■ **TASK INPUT**
Content starts

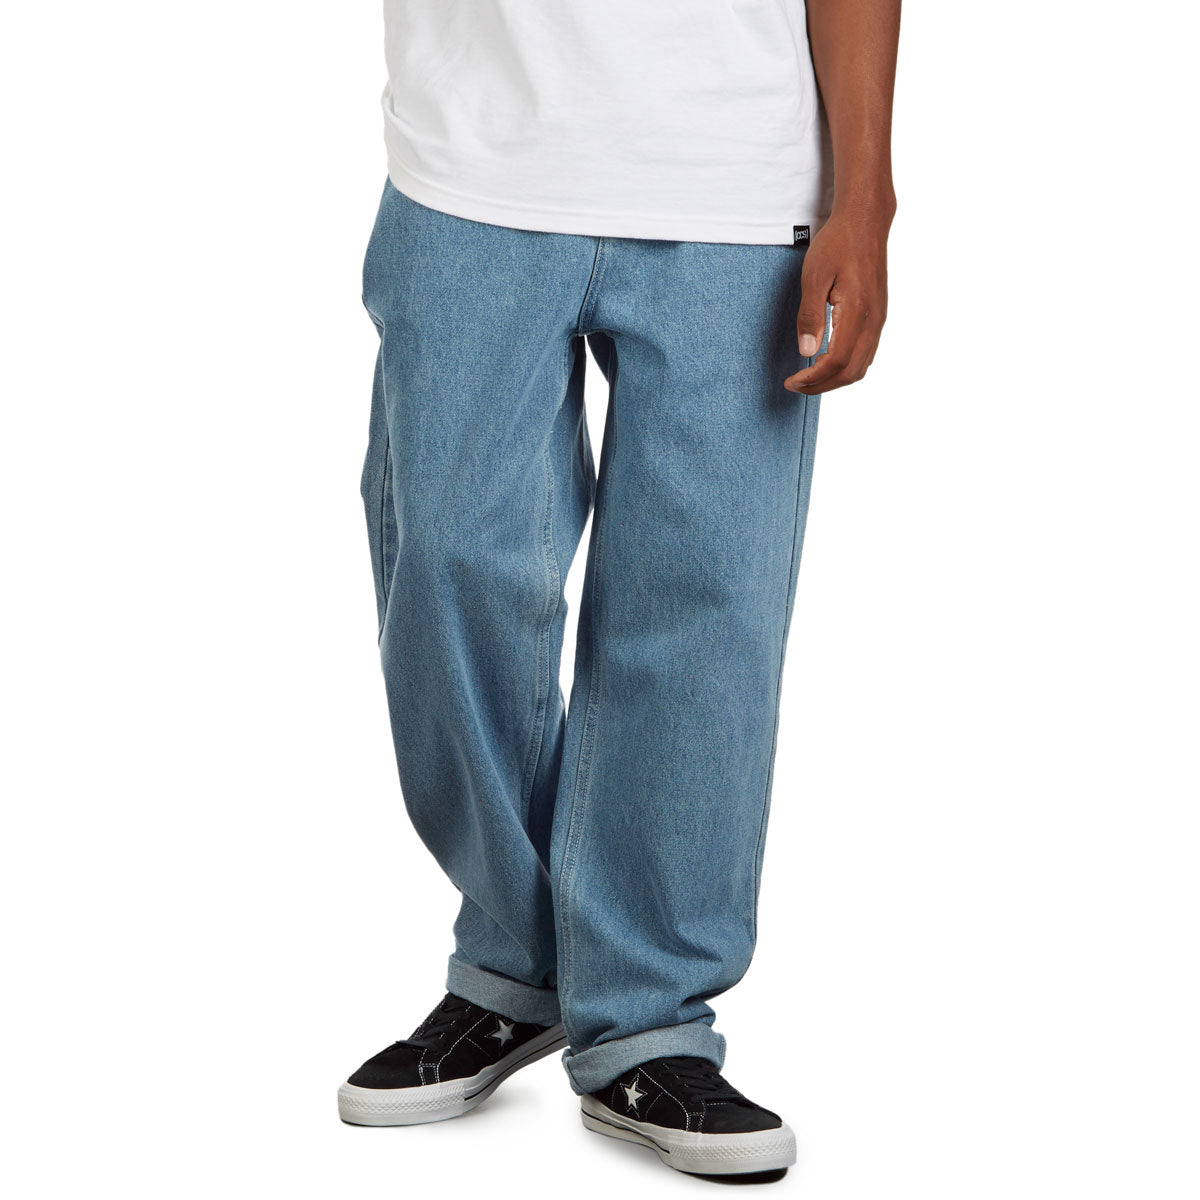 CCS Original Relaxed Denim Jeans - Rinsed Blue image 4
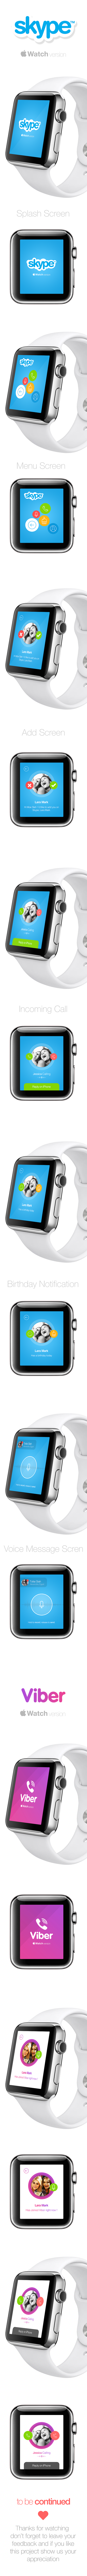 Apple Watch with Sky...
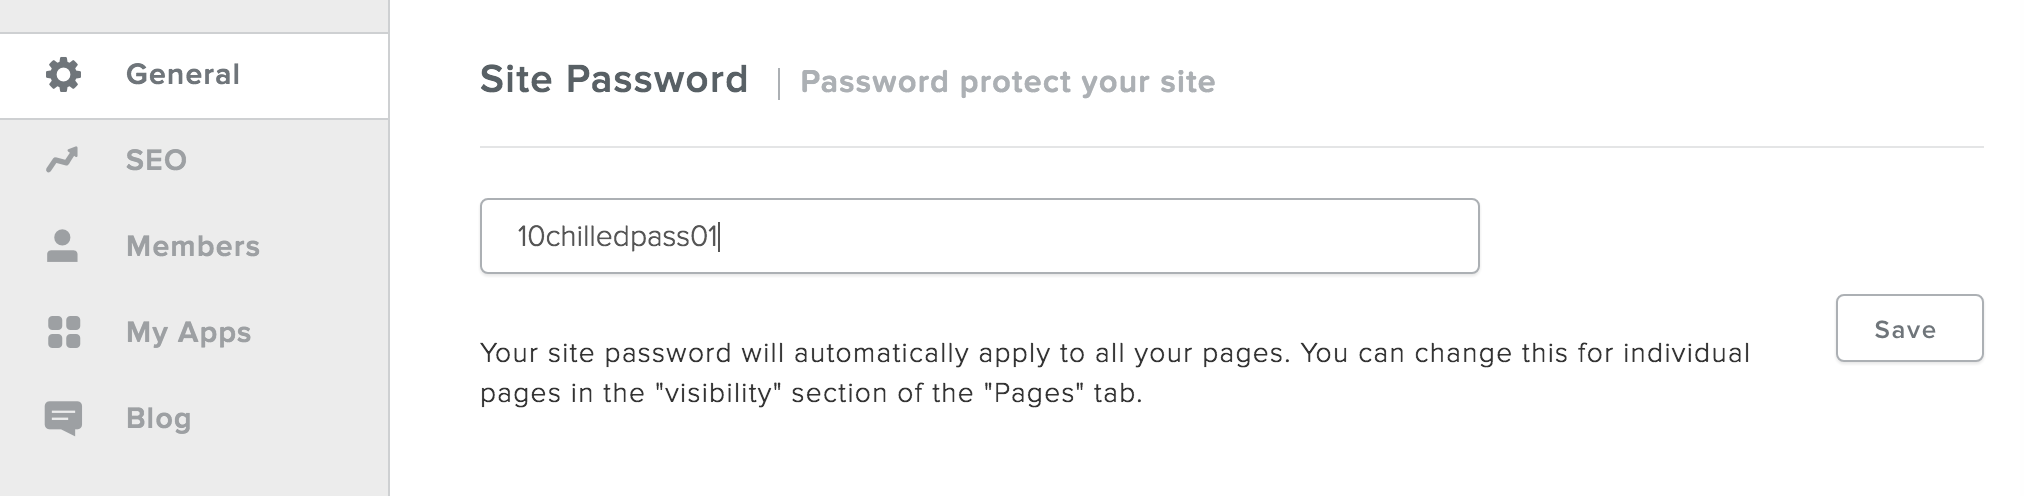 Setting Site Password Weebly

Content ends
Content starts

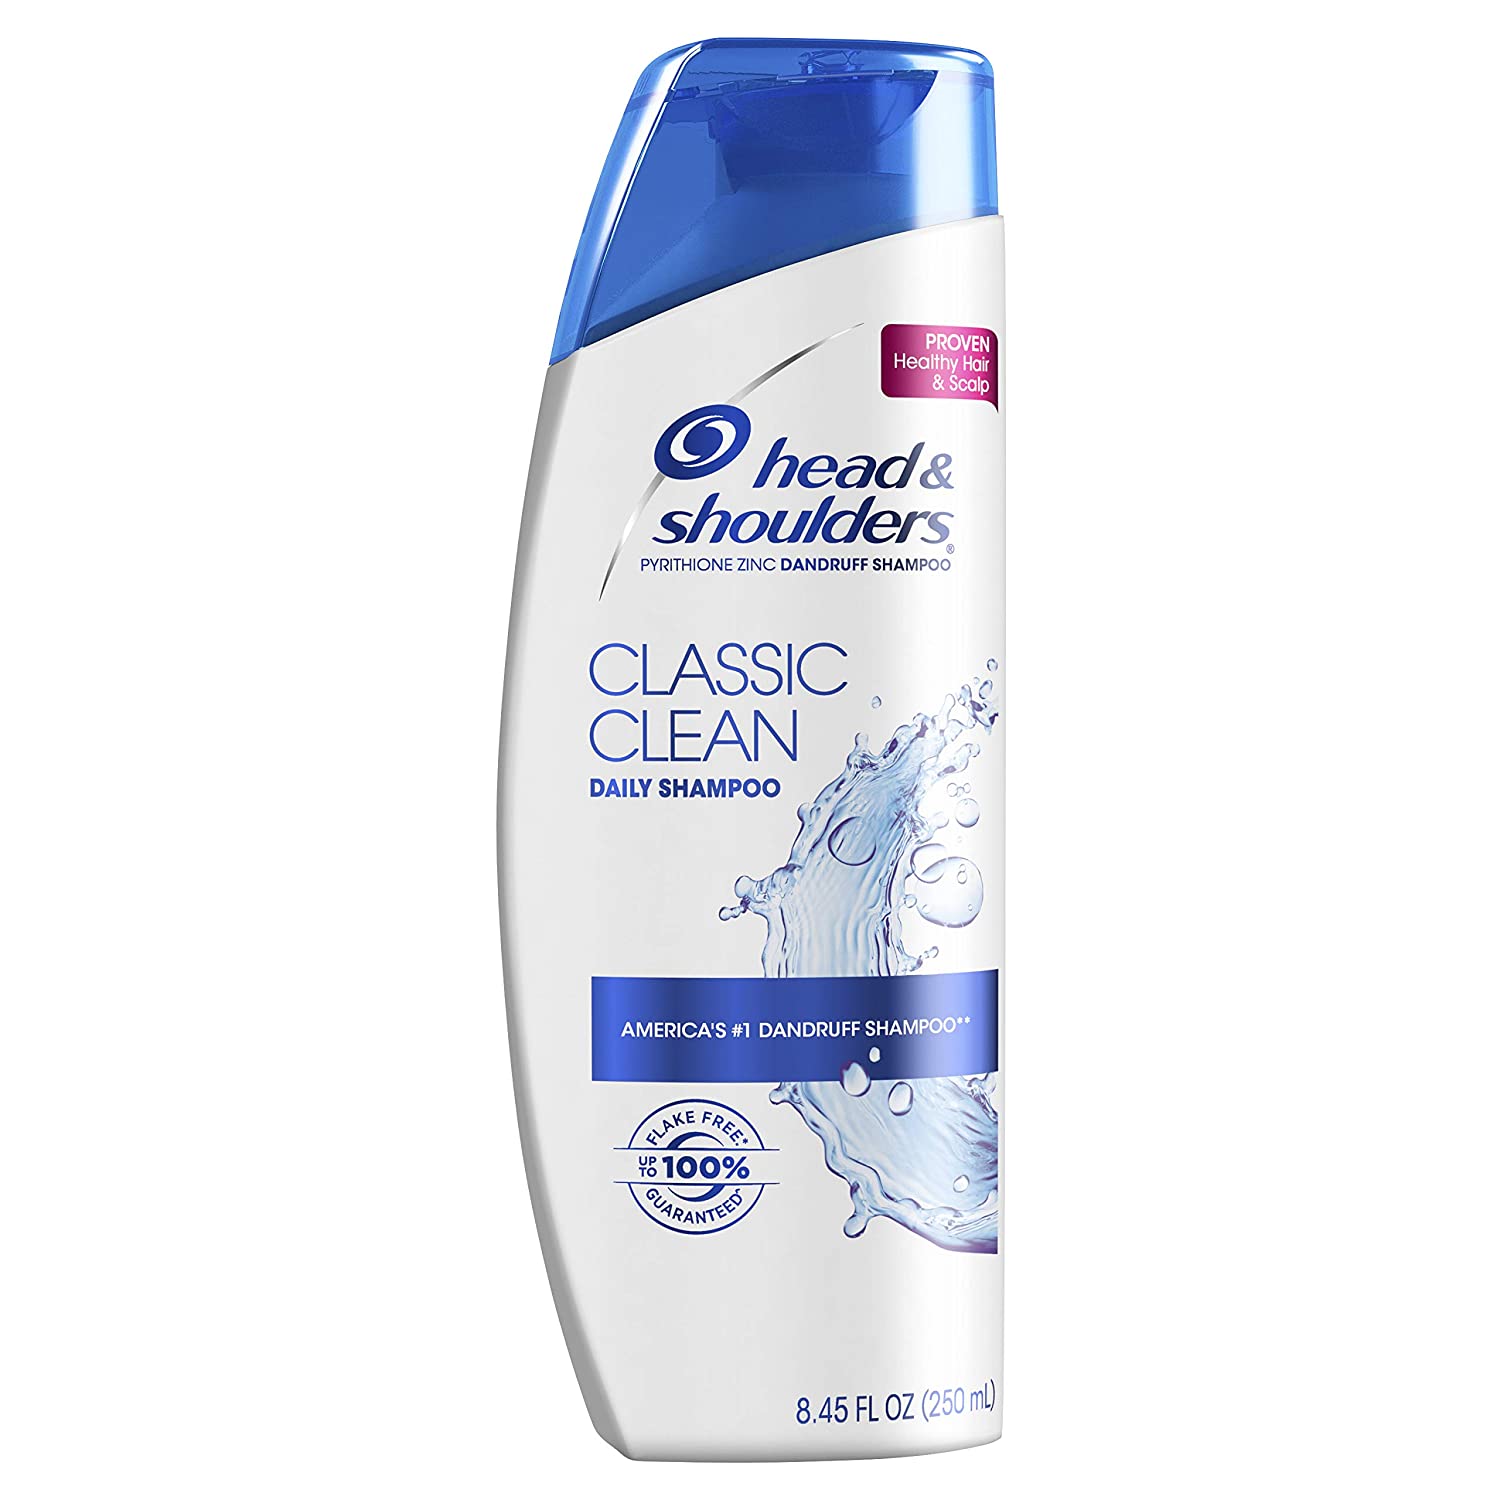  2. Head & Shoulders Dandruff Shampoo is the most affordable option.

Content ends
Content starts

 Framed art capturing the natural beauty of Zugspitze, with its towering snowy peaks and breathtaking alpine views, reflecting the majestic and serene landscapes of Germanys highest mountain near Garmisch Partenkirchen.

Content ends

■ **YOUR ASSIGNMENT**
Above are records; write out the lines from the one with "CCS Original Relaxed" down to the one with "Setting Site Password Weebly", exactly, leaving the pictures out.

■ **ANSWER TO THIS EXERCISE**
 CCS Original Relaxed Denim Jeans - Rinsed Blue image 4
 Apple Watch with Sky...
 Setting Site Password Weebly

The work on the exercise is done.